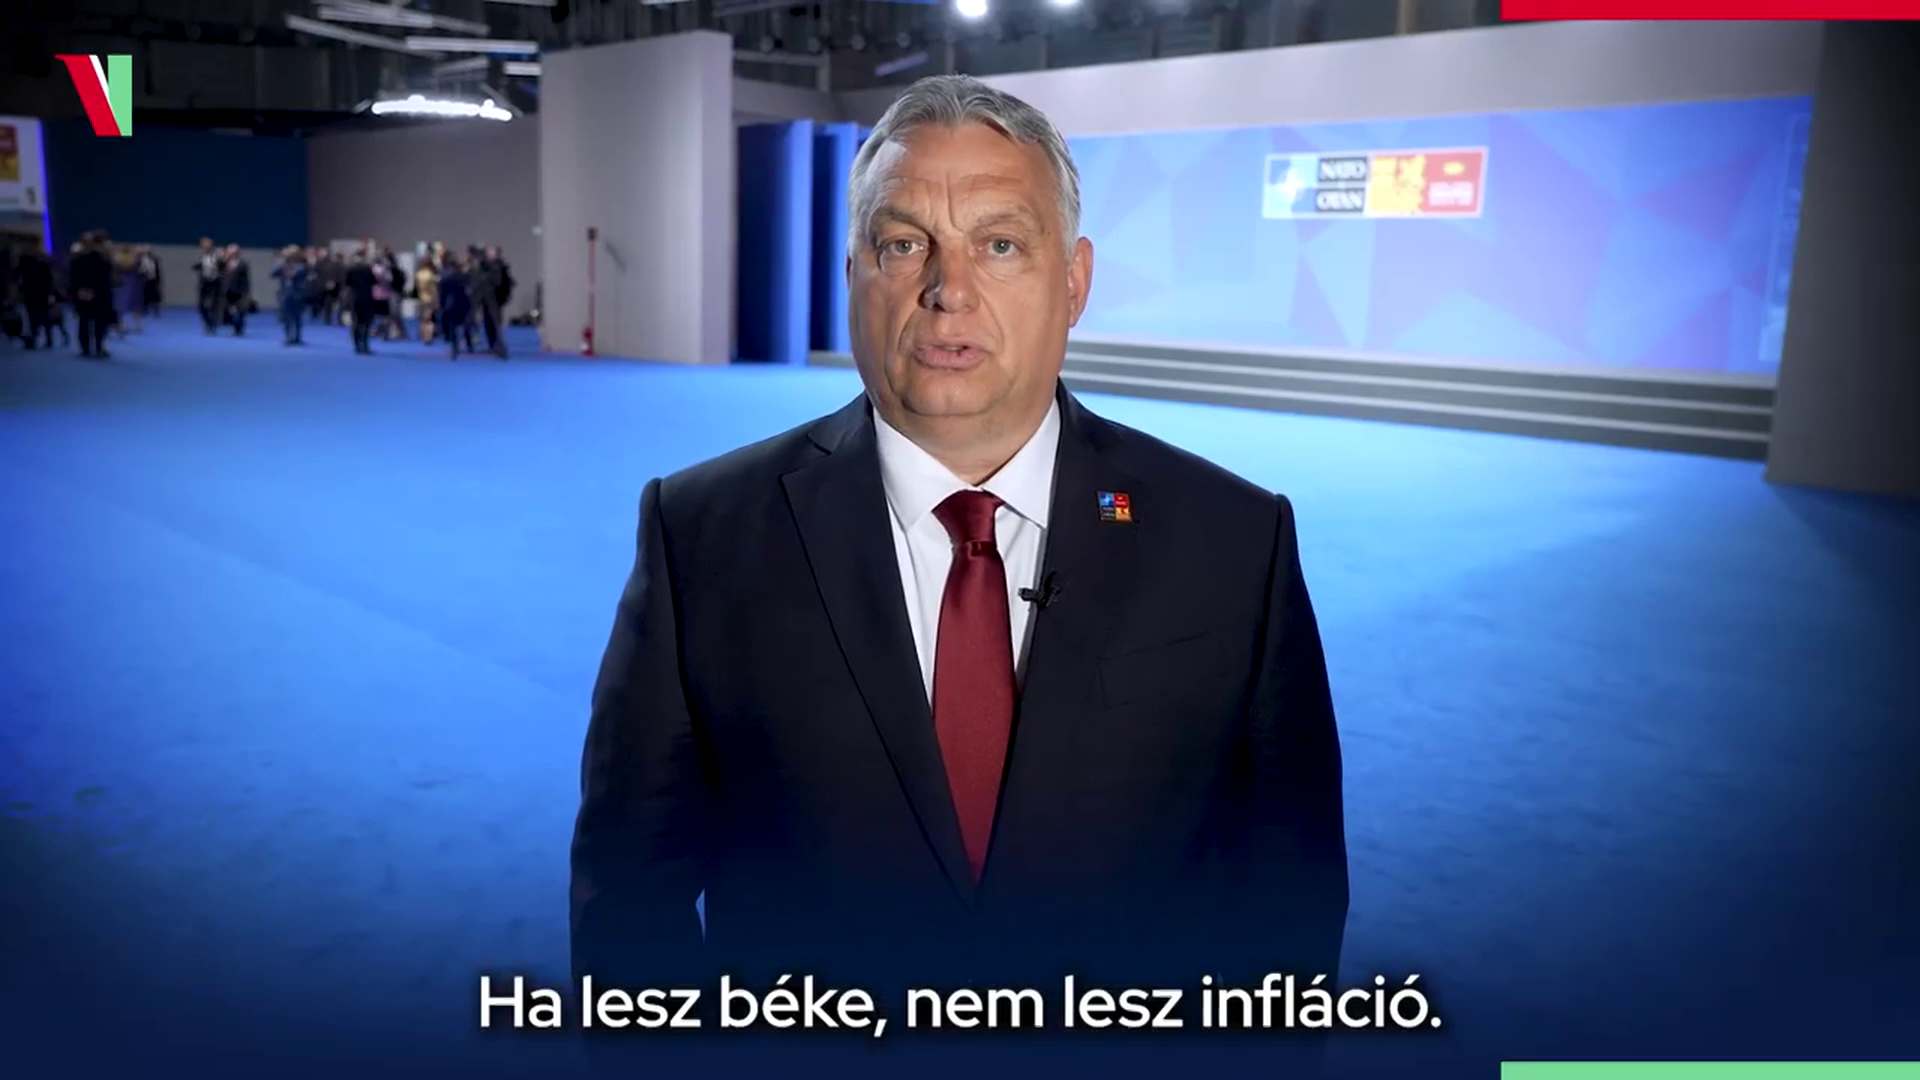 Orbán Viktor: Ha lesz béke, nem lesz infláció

* * *

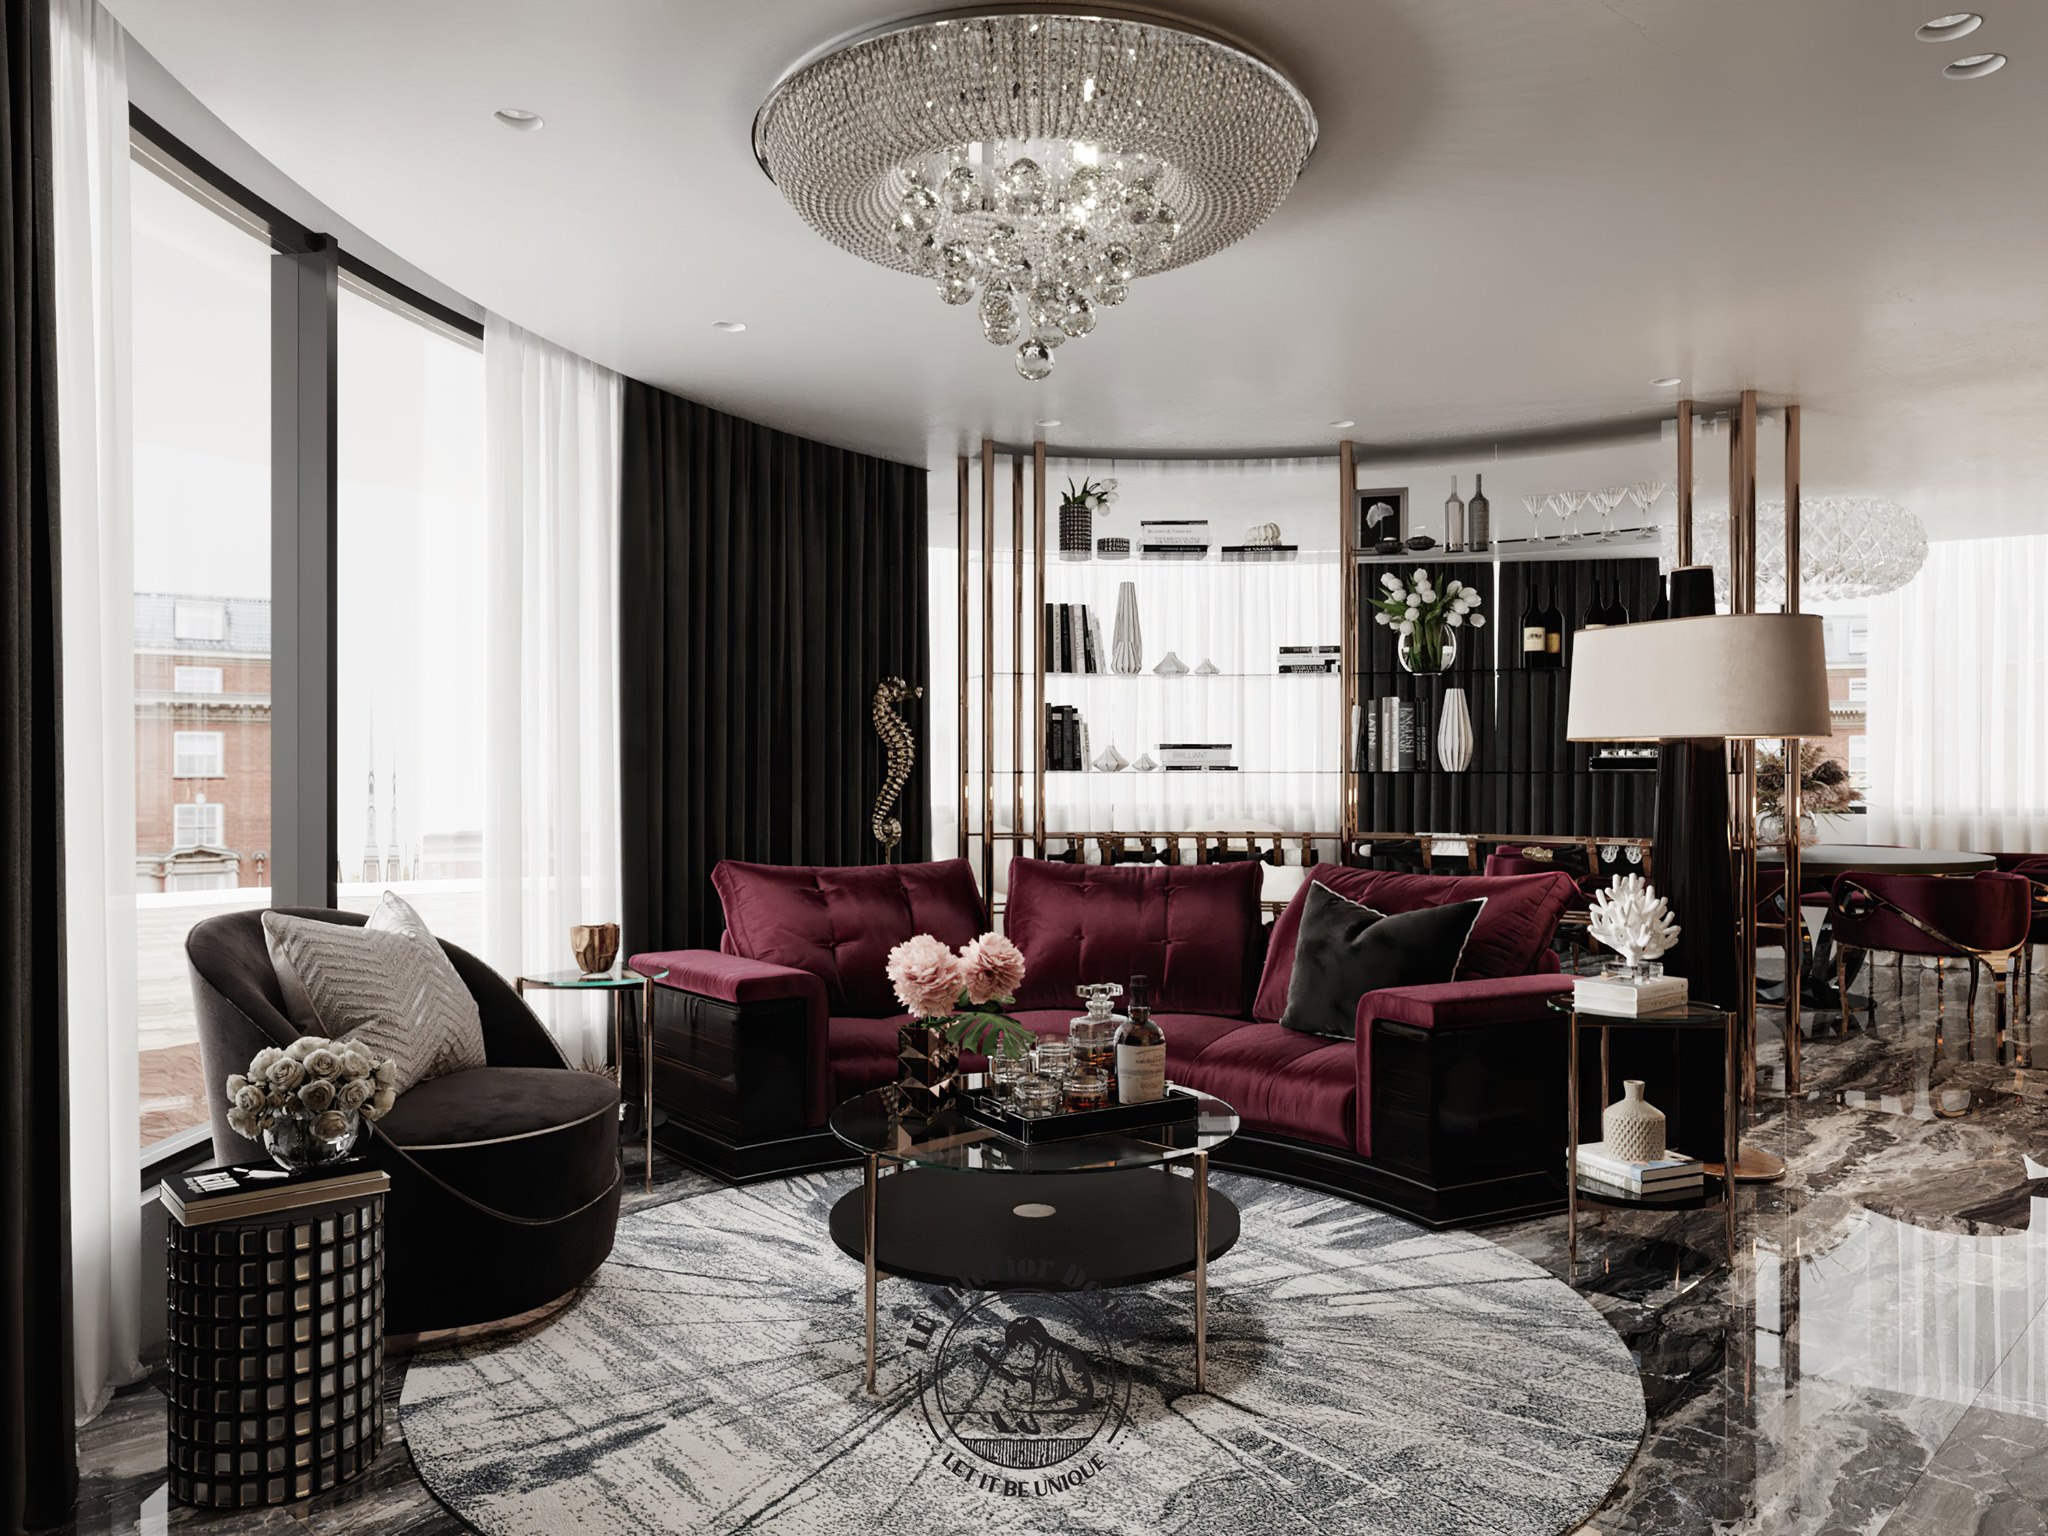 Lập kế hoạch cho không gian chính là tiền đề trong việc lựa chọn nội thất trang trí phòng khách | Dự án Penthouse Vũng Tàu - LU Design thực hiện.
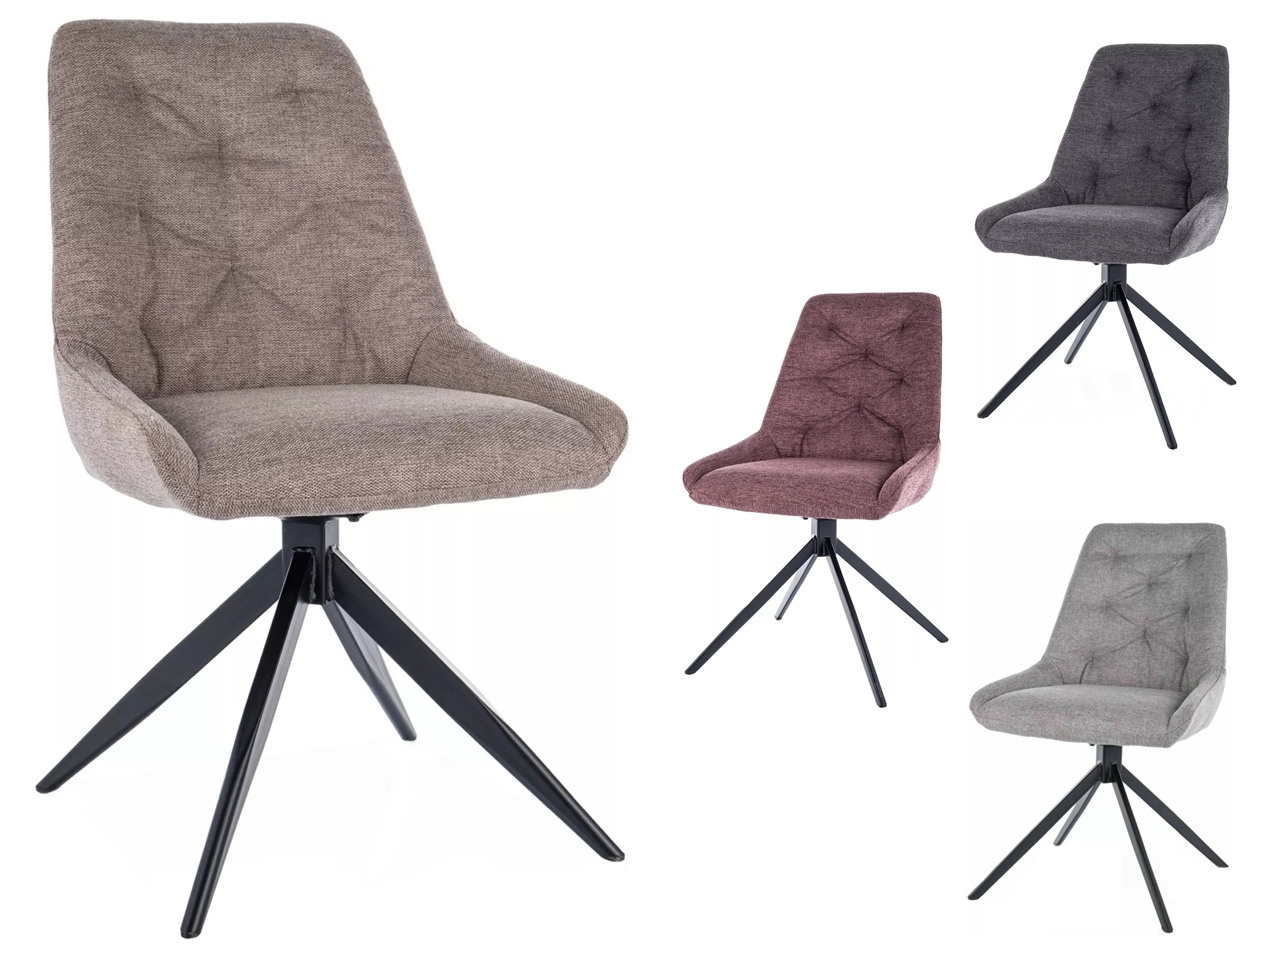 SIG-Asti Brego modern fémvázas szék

* * *

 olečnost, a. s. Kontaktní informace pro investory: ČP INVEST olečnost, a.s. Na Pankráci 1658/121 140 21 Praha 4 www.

* **EXERCISE DESCRIPTION**: All lines above from the one containing "Lập kế hoạch" up to and including the one containing "SIG-Asti Brego modern fémvázas szék" are to be set down exactly, and nothing else. Leave images out.

* **WORKED SOLUTION**:
 Lập kế hoạch cho không gian chính là tiền đề trong việc lựa chọn nội thất trang trí phòng khách | Dự án Penthouse Vũng Tàu - LU Design thực hiện.
 SIG-Asti Brego modern fémvázas szék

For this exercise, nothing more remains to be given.